Read a cybersecurity vendor's annual report in early 2020 and you will not find a section that says "here is the breach we suffered and here is why it was material." That section does not exist yet. The disclosure machinery the industry now takes for granted — the four-business-day material-incident 8-K — has not been written. What a company like Fortinet discloses about cyber risk in this period lives almost entirely in one place: the risk factors of its periodic reports.

Fortinet's Form 10-K for fiscal 2019, filed with the SEC on February 26, 2020, frames the danger in forward-looking terms. The filing warns that a security incident "involving us may result in more harm to our reputation and brand than companies that do not sell network security solutions" — the special exposure of a defender that gets breached. This is risk-factor prose: conditional, prospective, about what could happen rather than what did.
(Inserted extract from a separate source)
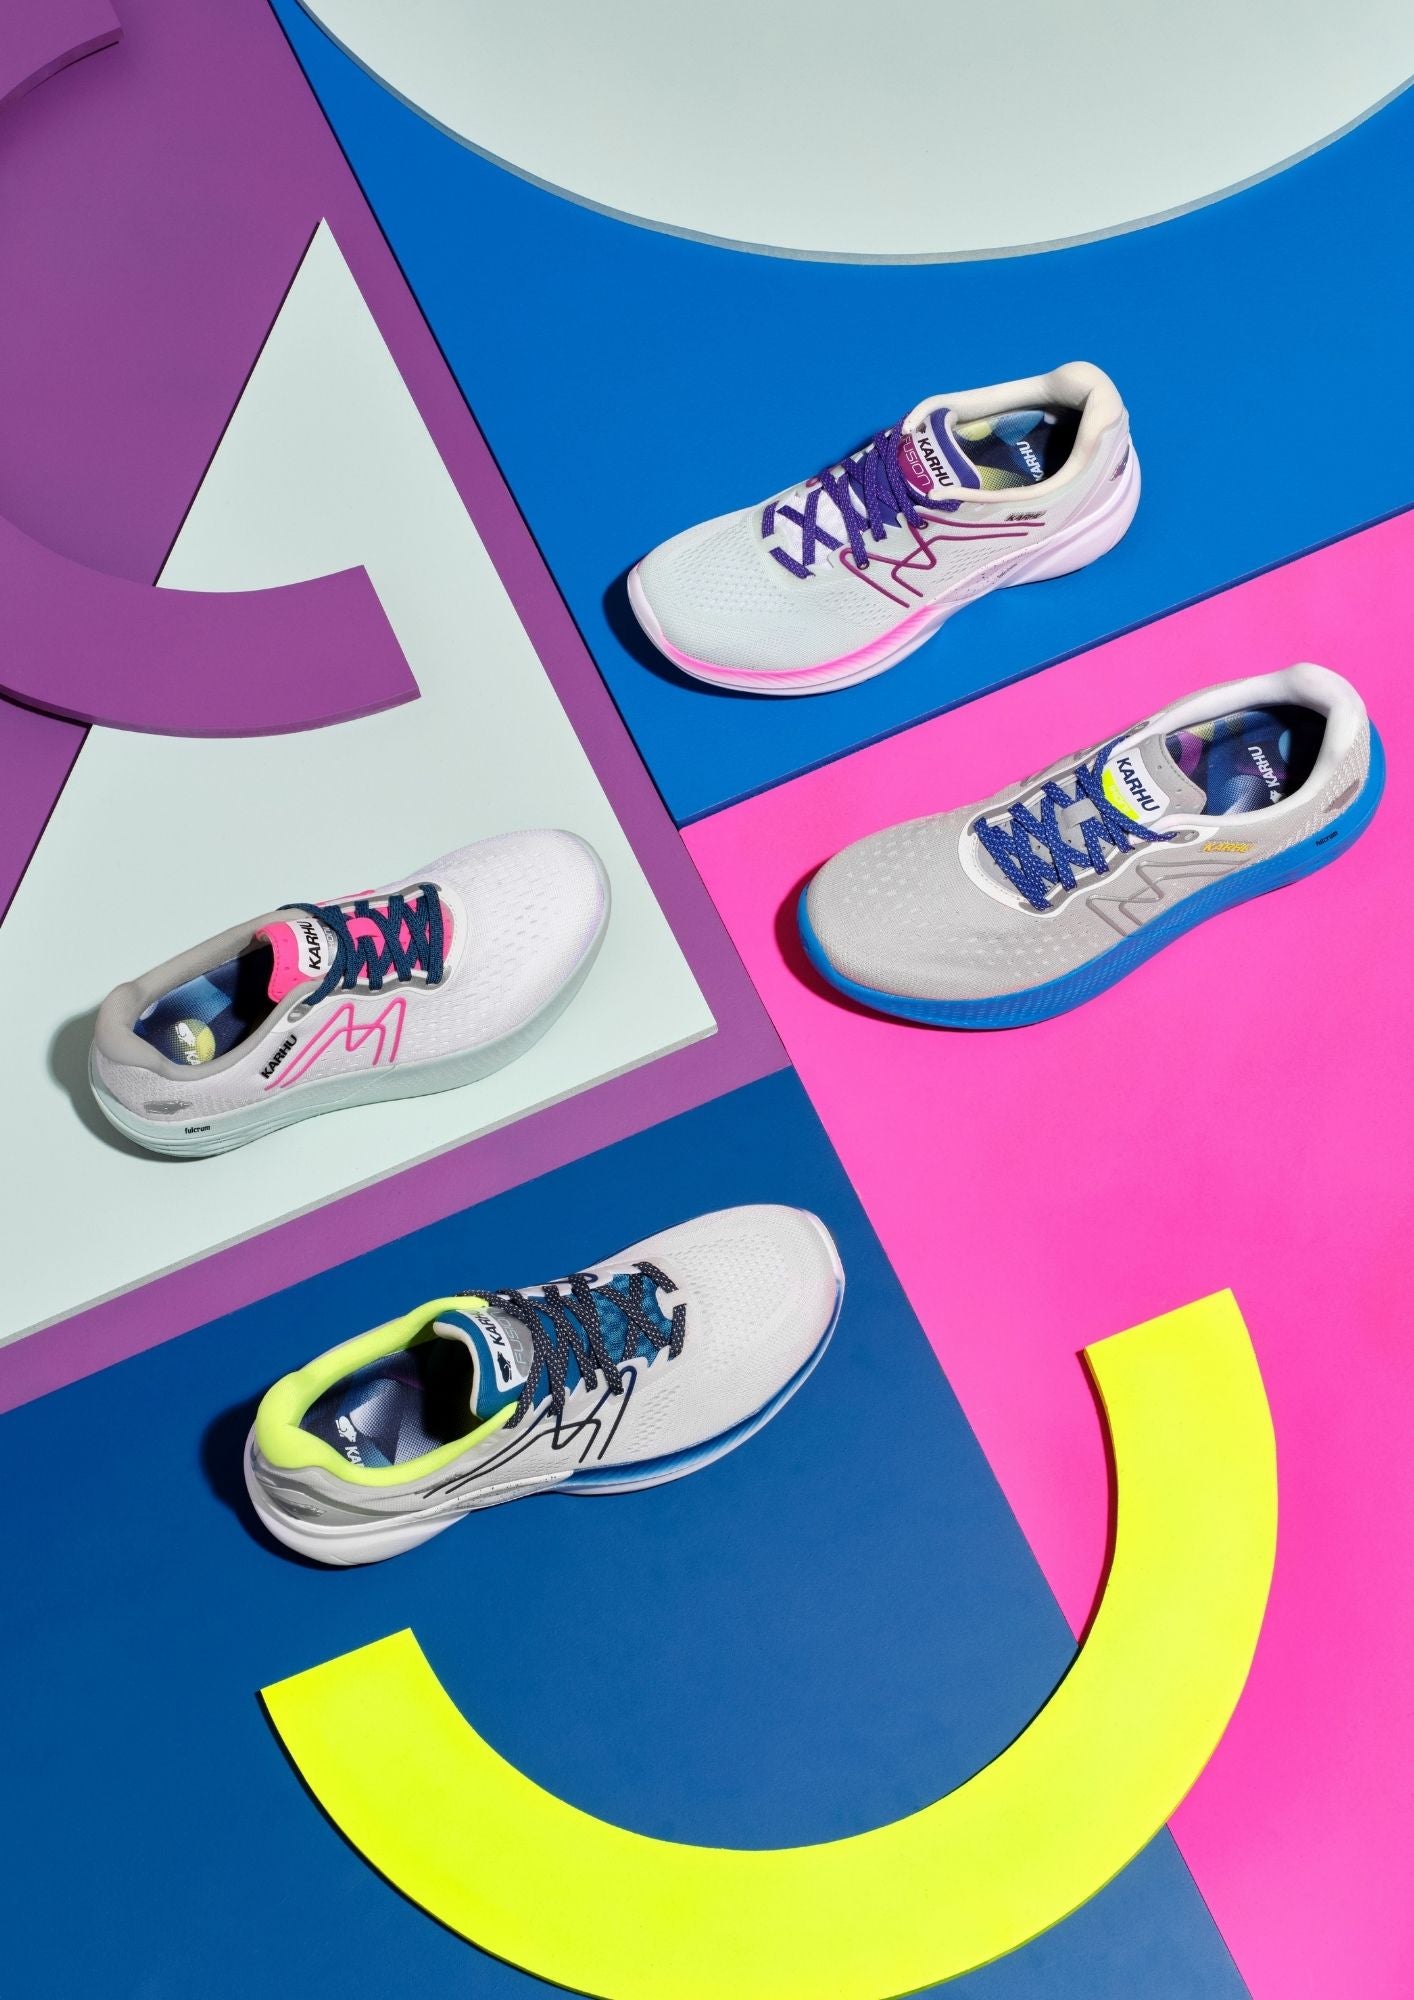 KARHU CELEBRATES 90s SPORT FASHION WITH THE NEON PACK

That is the heart of the pre-rule regime. Under the disclosure rules in force in 2020, a public company's obligation around a cyber incident flowed from general materiality principles and existing 8-K items (for example, the catch-all Item 8.01 for voluntary disclosures), interpretive guidance the SEC issued in 2011 and updated in 2018, and the risk-factor and MD&A requirements of Regulation S-K. There was no item that named cybersecurity, no fixed deadline, and wide latitude over whether and when to speak.

The practical effect was that investors learned about many incidents late, indirectly, or in litigation rather than in a timely filing. A company could conclude an incident was not material to disclose, and the four-day pressure that now forces an early call simply did not apply. Reading Fortinet's 2020 risk factors, you are reading the language of a regime that put the disclosure decision almost entirely inside the company.

For anyone trying to understand why the SEC eventually moved, the contrast is the argument. Risk factors tell you a breach is possible; they never tell you one happened. EdgarBeast surfaced this filing from the SEC's full-text record, and the primary document is the 10-K itself. Whatever the rules become later, this is the baseline they are measured against — and as of this filing, the baseline is risk language and management discretion.

The vendor framing matters too. Fortinet's own filing concedes that a breach of a security company carries outsized reputational cost. That admission, made in 2020 risk-factor language rather than an incident report, is exactly the kind of disclosure the next regime will try to make timely and specific. For now, it is a warning about a hypothetical, filed once a year.